══ Dataset extract

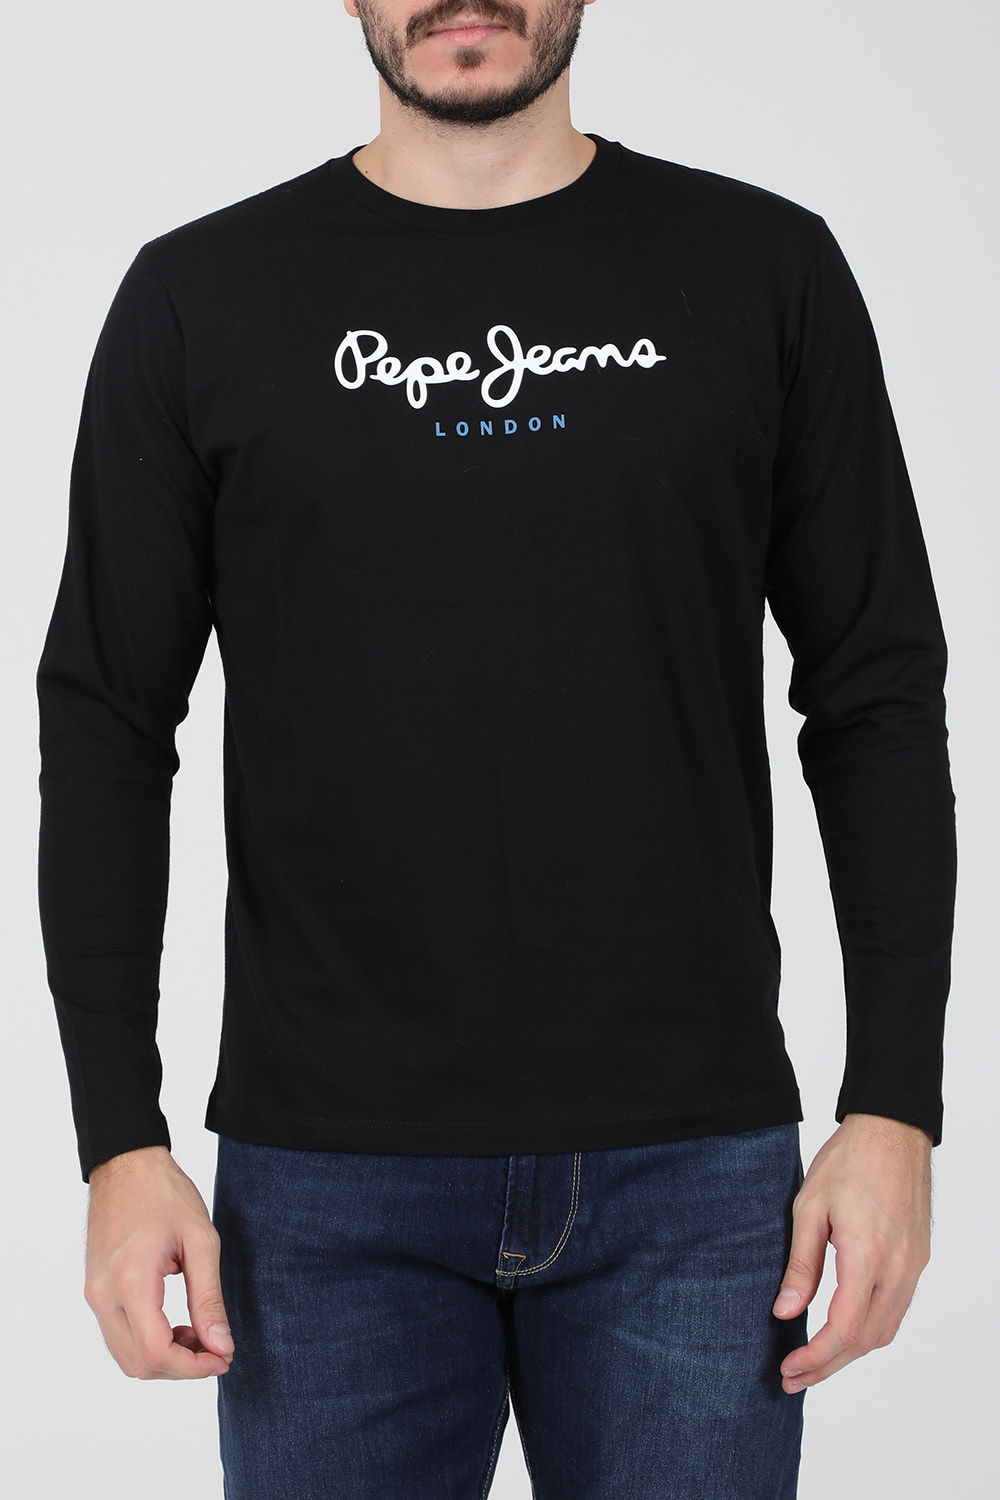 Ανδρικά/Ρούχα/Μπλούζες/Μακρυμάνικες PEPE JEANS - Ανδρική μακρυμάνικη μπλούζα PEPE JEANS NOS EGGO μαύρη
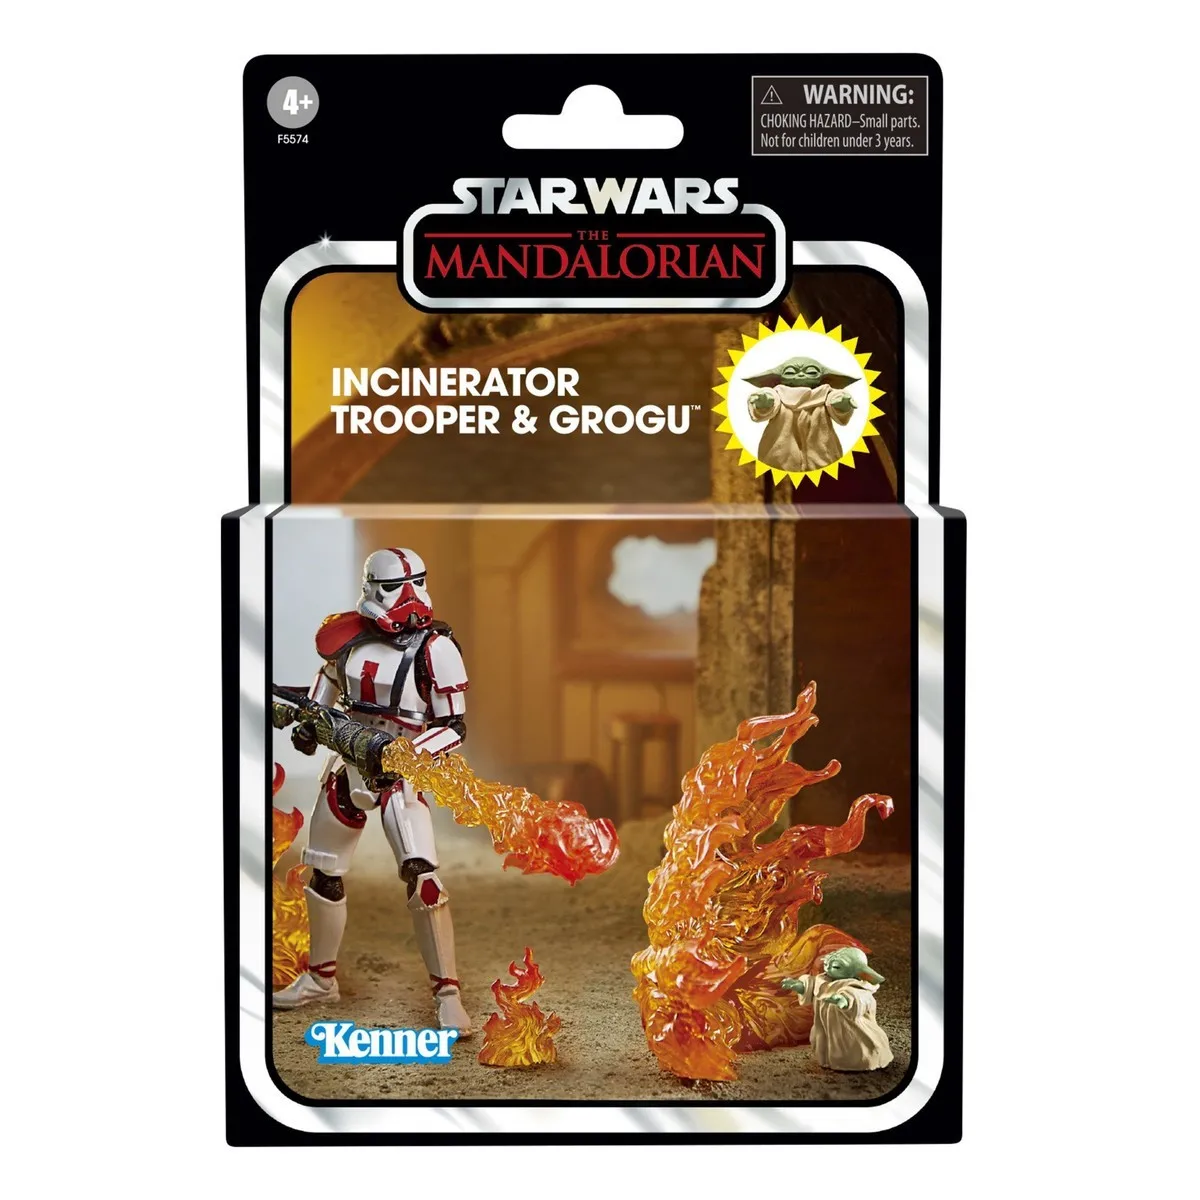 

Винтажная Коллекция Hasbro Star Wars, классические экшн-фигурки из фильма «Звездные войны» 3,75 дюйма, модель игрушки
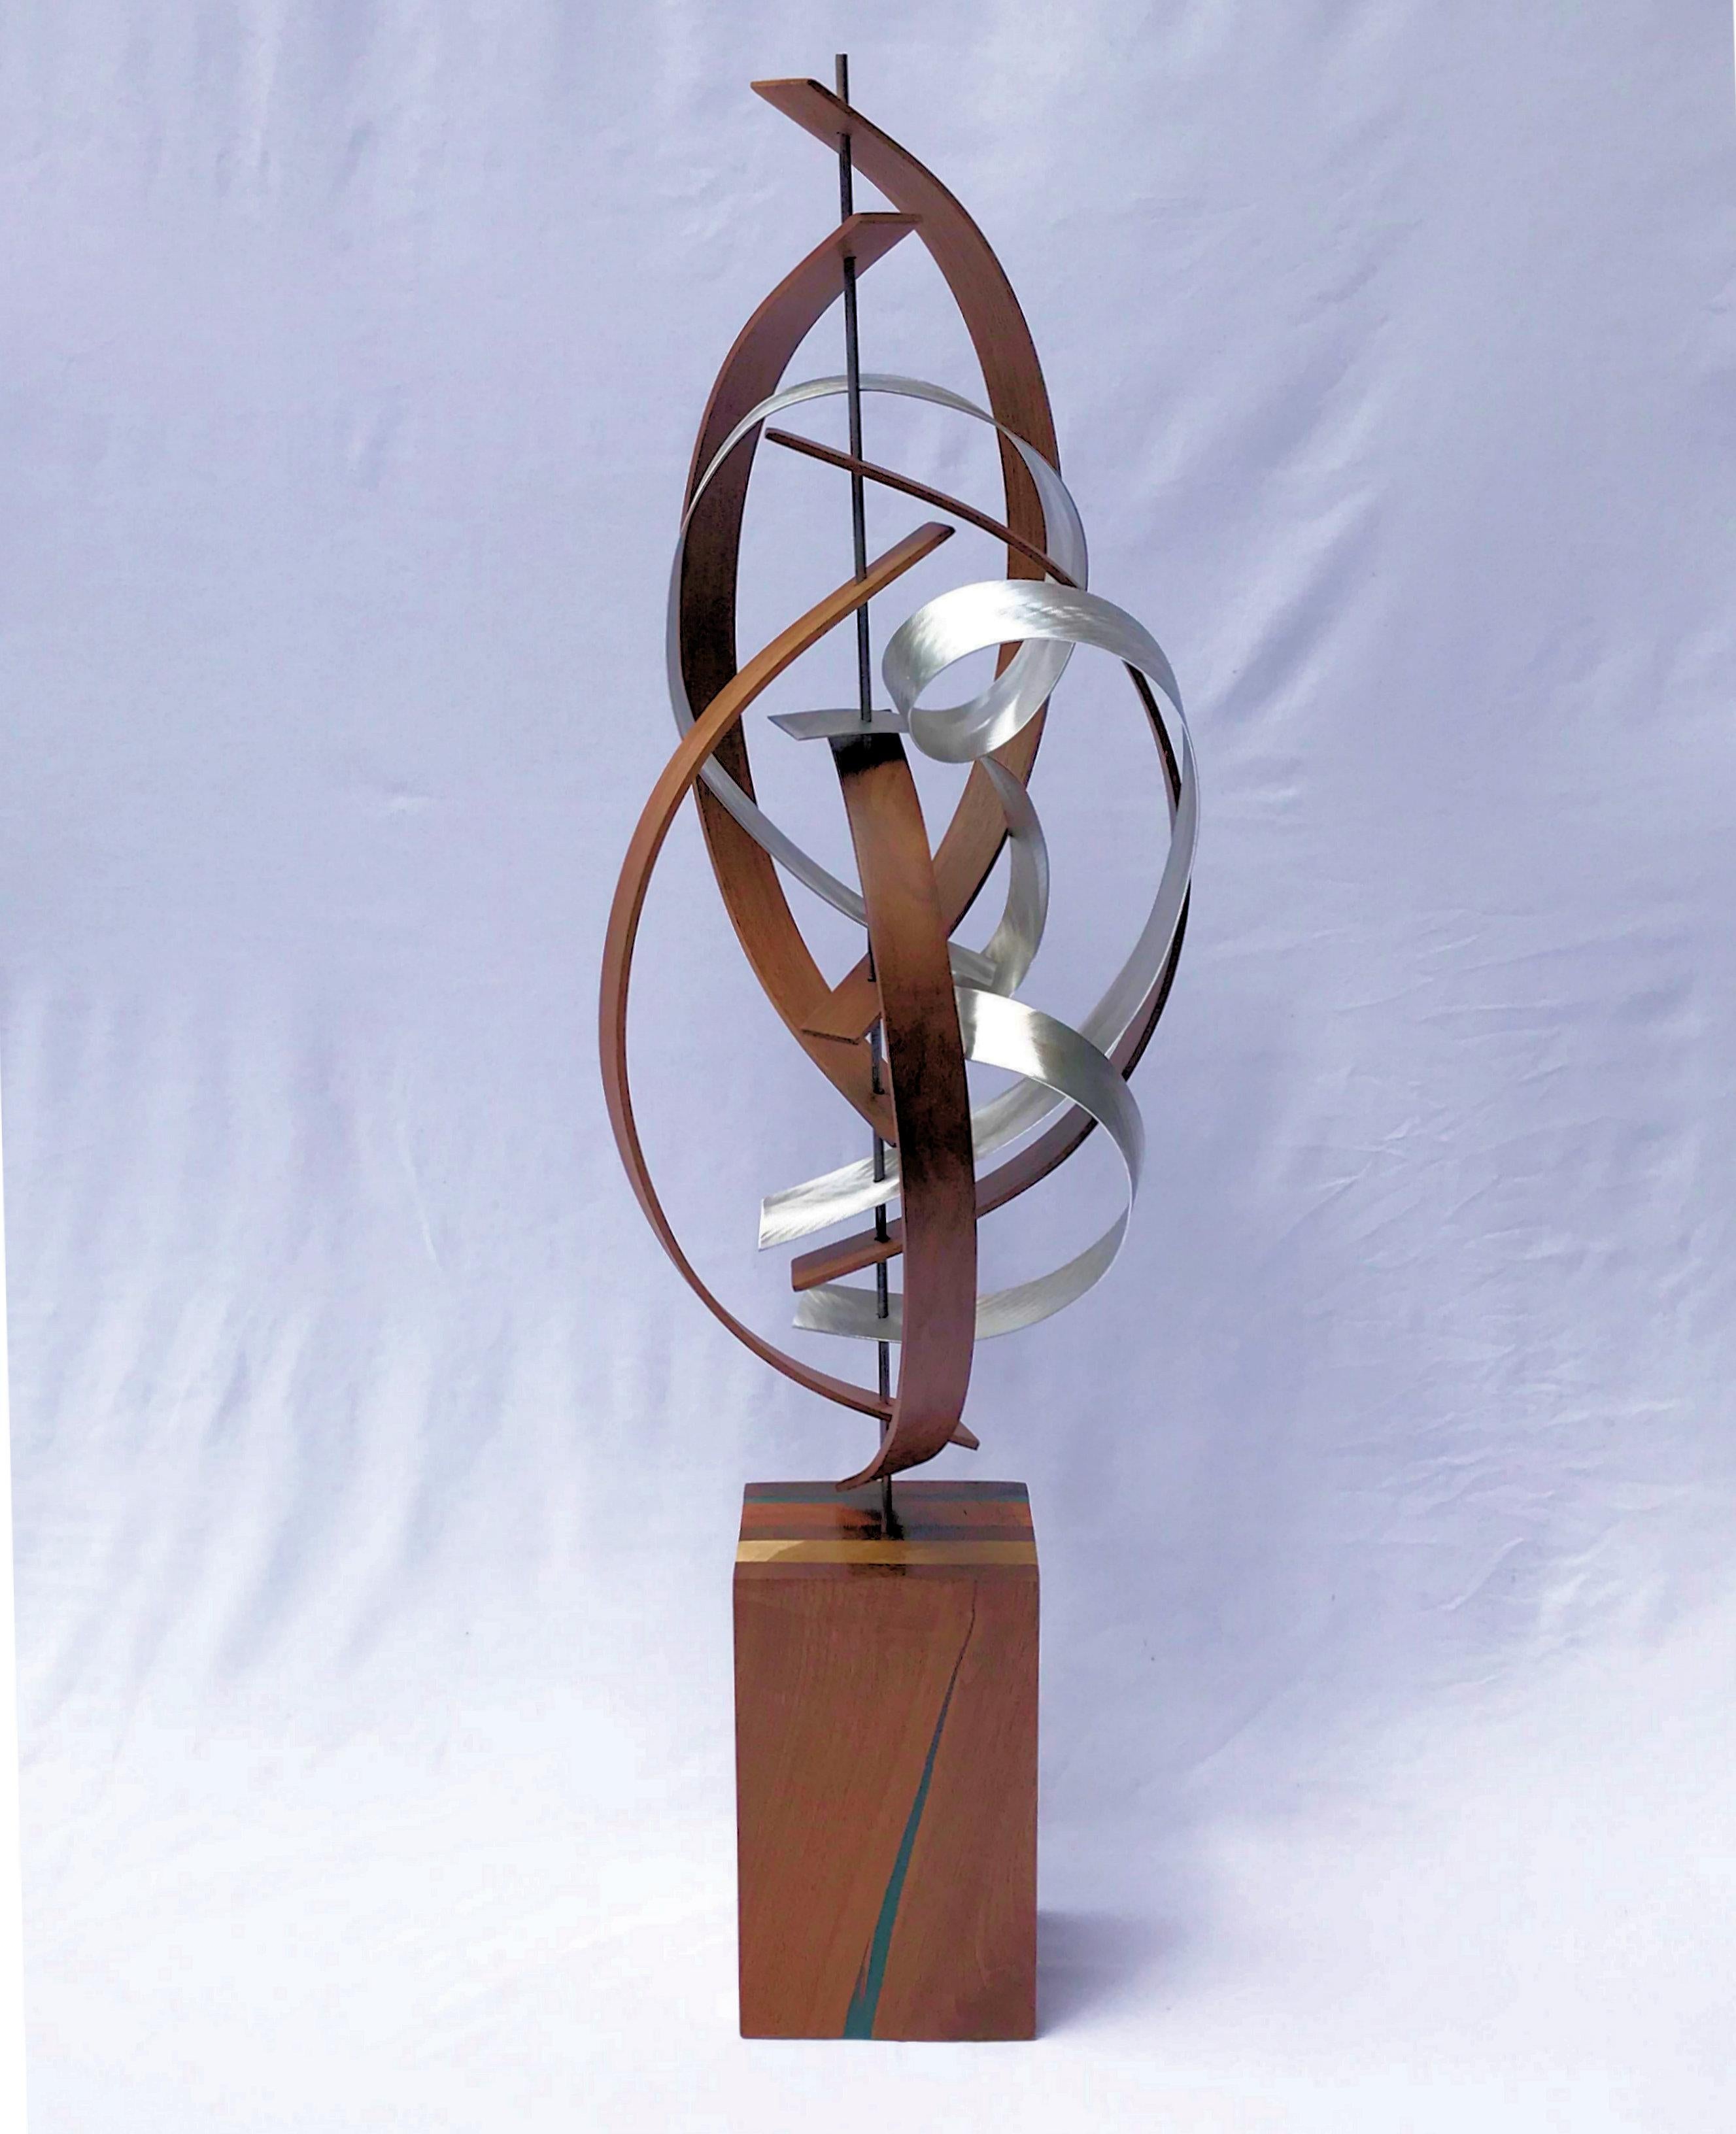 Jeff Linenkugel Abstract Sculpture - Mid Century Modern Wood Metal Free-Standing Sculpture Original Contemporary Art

════

» **Exercise**
From the first line to the last, give the data again exactly, but without pictures.

» **Result**
 Ανδρικά/Ρούχα/Μπλούζες/Μακρυμάνικες PEPE JEANS - Ανδρική μακρυμάνικη μπλούζα PEPE JEANS NOS EGGO μαύρη

Винтажная Коллекция Hasbro Star Wars, классические экшн-фигурки из фильма «Звездные войны» 3,75 дюйма, модель игрушки
 Jeff Linenkugel Abstract Sculpture - Mid Century Modern Wood Metal Free-Standing Sculpture Original Contemporary Art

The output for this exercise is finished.